In February 2021, Lonestar began flowback operations on 3 gross
/ 1.5 net wells, the Hawkeye 33H, Hawkeye 34H, and Hawkeye 35H.
These wells recorded initial rates over a 30-day period (“Max-30
rates”) of 938 BOE/d, 91% of which was crude oil. Recently,
Lonestar introduced artificial lift operations on these wells and
they have responded favorably, with current production rates
averaging 800 BOE/d per well. The Company holds a 50% working
interest (“WI”) / 38% net revenue interest (“NRI”) in these
wells.
- Hawkeye #33H – With a perforated interval of 10,875 feet, the
#33H tested 931 Bbls/d oil, 43 Bbls/d of NGLs, 307 Mcf/d, or 1,024
BOE/d (three-stream) on a 30/64” choke.
- Hawkeye #34H – With a perforated interval of 10,770 feet, the
#34H tested 774 Bbls/d oil, 35 Bbls/d of NGLs, 253 Mcf/d, or 851
BOE/d (three-stream) on a 30/64” choke.
- Hawkeye #35H – With a perforated interval of 10,821 feet, the
#35H tested 769 Bbls/d oil, 38 Bbls/d of NGLs, 272 Mcf/d, or 852
BOE/d (three-stream) on a 30/64” choke.
As part of its Joint Venture with Marathon Oil Corporation,
Lonestar, as operator, has permitted a three-well pad on its
Hawkeye asset. Lonestar recently commenced drilling operations on
three wells, the Hawkeye #9H, #10H and #11H, with designed
perforated intervals exceeding 11,000 feet.
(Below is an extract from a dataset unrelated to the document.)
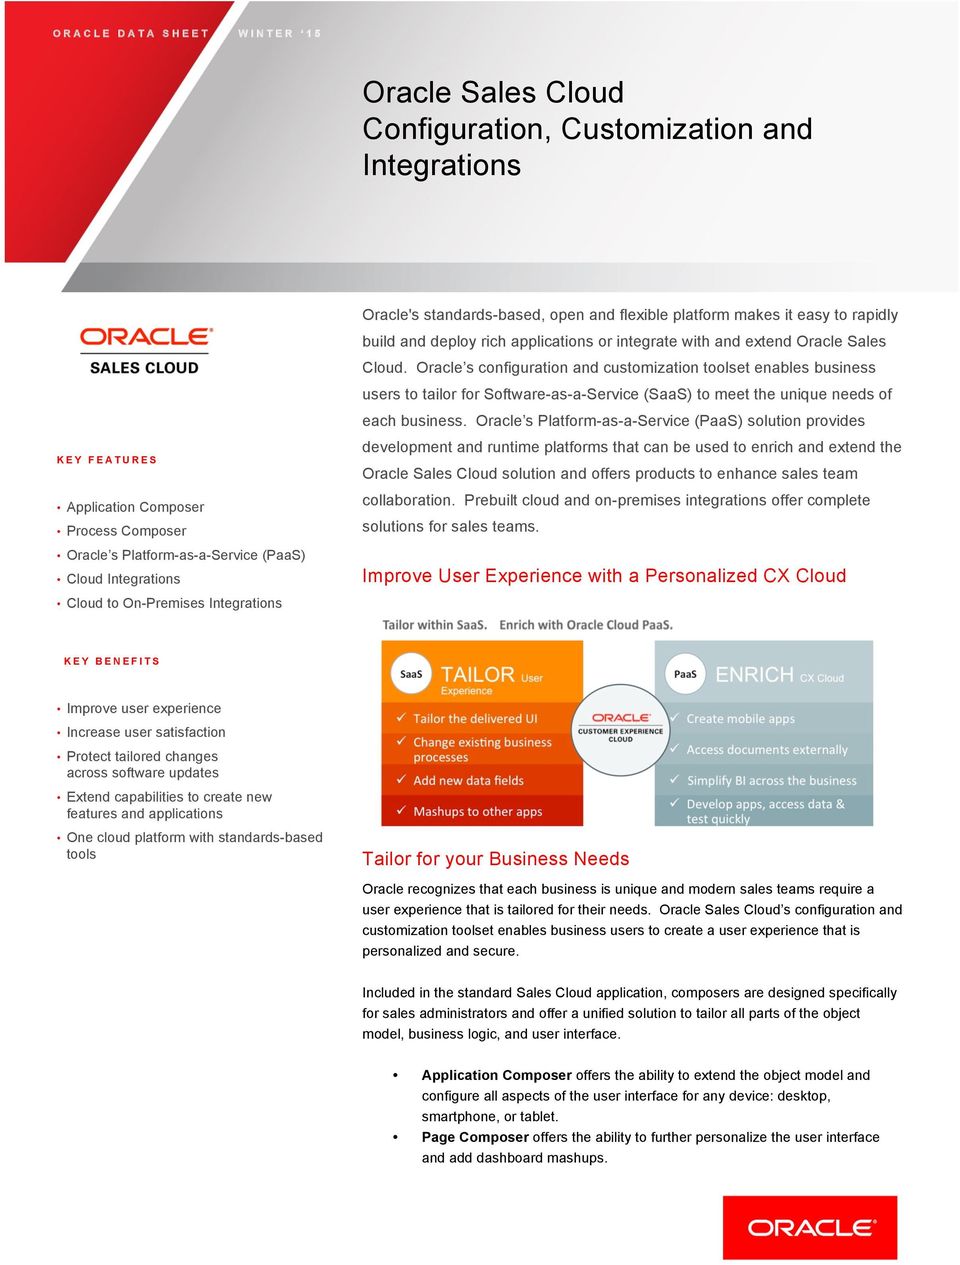 Oracle s configuration and customization toolset enables business users to tailor for Software-as-a-Service (SaaS) to meet the unique needs of each business.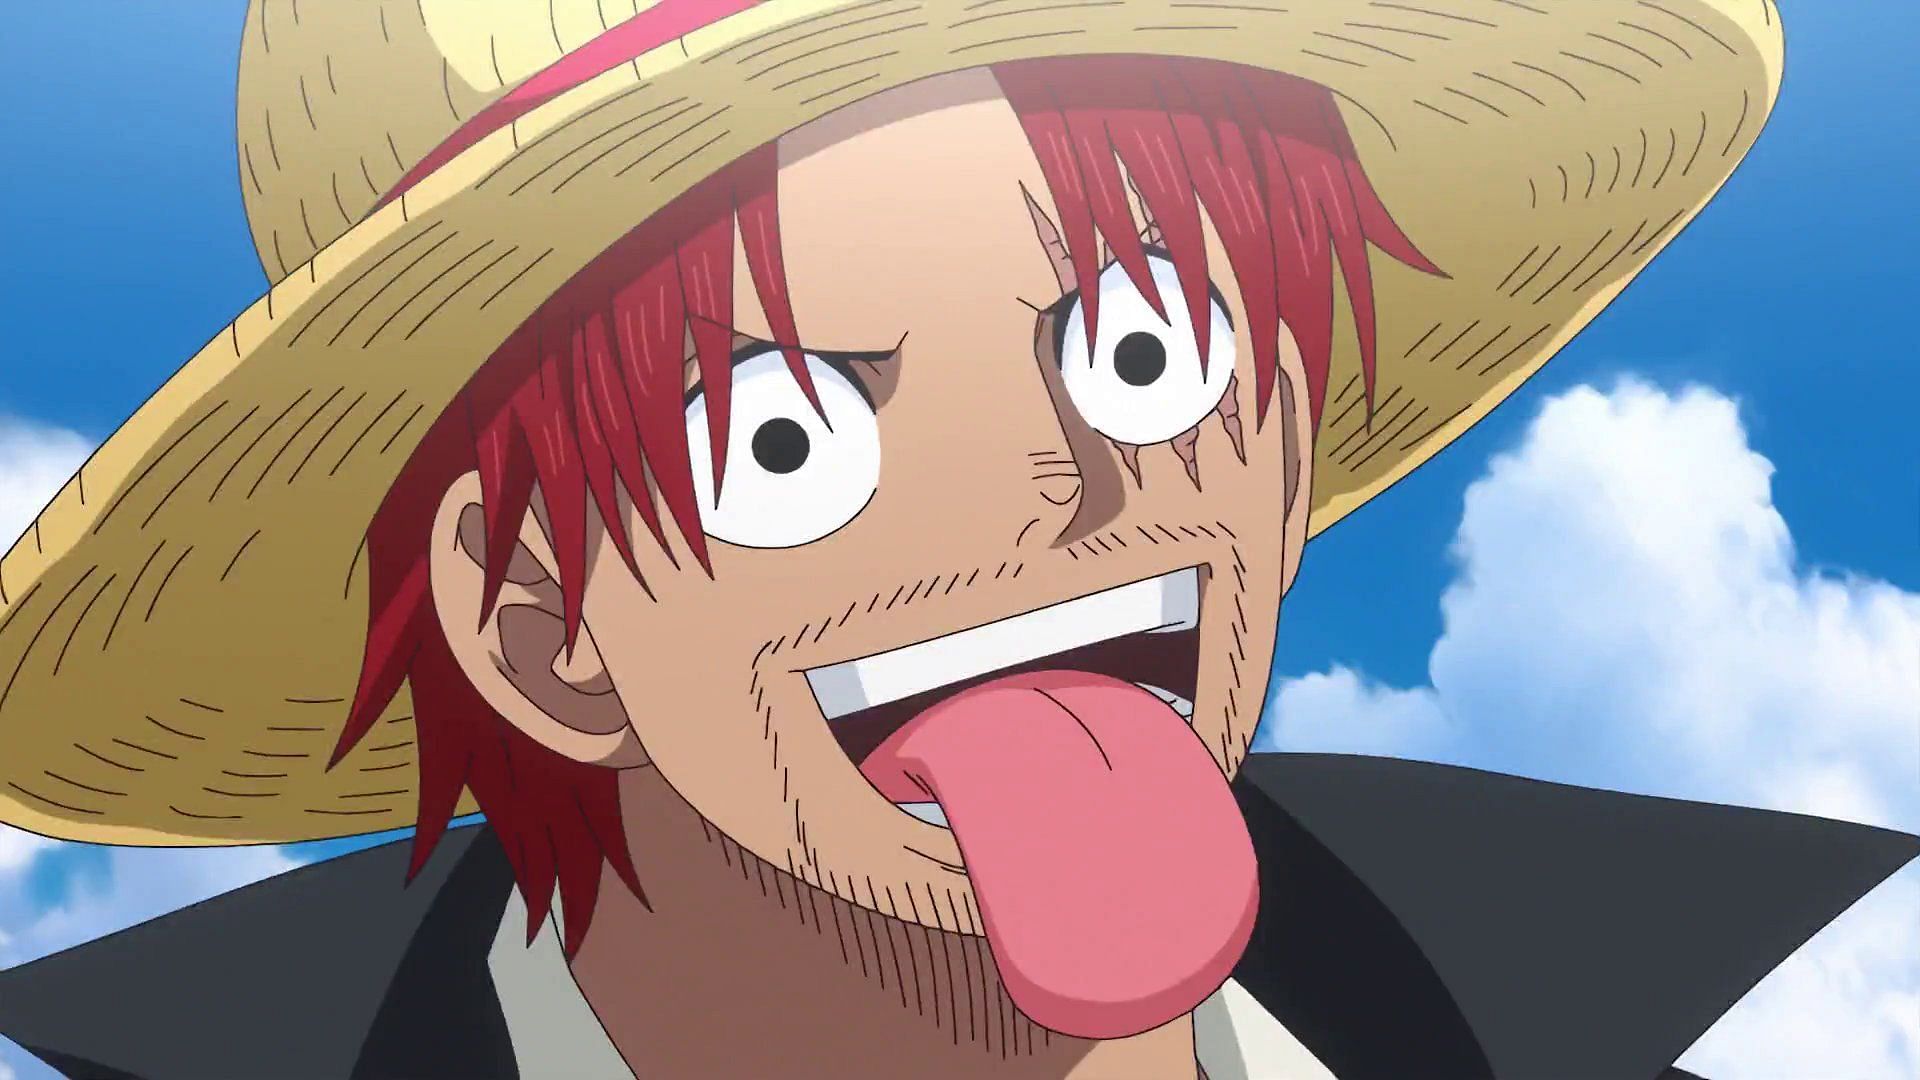 Fans have now taken to calling Shanks &quot;Haki-Man&quot; after his impressive use of Conqueror&#039;s in One Piece Chapter 1055 (Image Credits: Eiichiro Oda/Shueisha, Viz Media, One Piece)

EAGLE FORD SHALE TREND - EASTERN REGION
In our Eastern Region, 1Q21 production averaged approximately
236 BOE/d, a 10% decrease over 1Q20 rates. Production consisted of
150 barrels of oil per day (64%), 47 barrels of NGL’s per day
(20%), and 231 Mcf of natural gas per day (16%).
ABOUT LONESTAR RESOURCES US INC.
Lonestar is an independent oil and natural gas company based in
Fort Worth, Texas, focused on the development, production, and
acquisition of unconventional oil, NGLs, and natural gas properties
in the Eagle Ford Shale in Texas, where we have accumulated
approximately 72,682 gross (53,550 net) acres in what we believe to
be the formation’s crude oil and condensate windows, as of March
31, 2021. For more information, please visit
www.lonestarresources.com.
CAUTIONARY & FORWARD-LOOKING STATEMENTS
Cautionary Note Regarding Forward-Looking Statements
Disclosures in this press release contain certain
forward-looking statements within the meaning of the federal
securities laws. Statements that do not relate strictly to
historical or current facts are forward-looking. These statements
contain words such as “possible,” “if,” “will,” “expect” and
“assuming” and involve risks and uncertainties including, among
others that our business plans may change as circumstances warrant
and securities of the Company may not ultimately be offered to the
public because of general market conditions or other factors.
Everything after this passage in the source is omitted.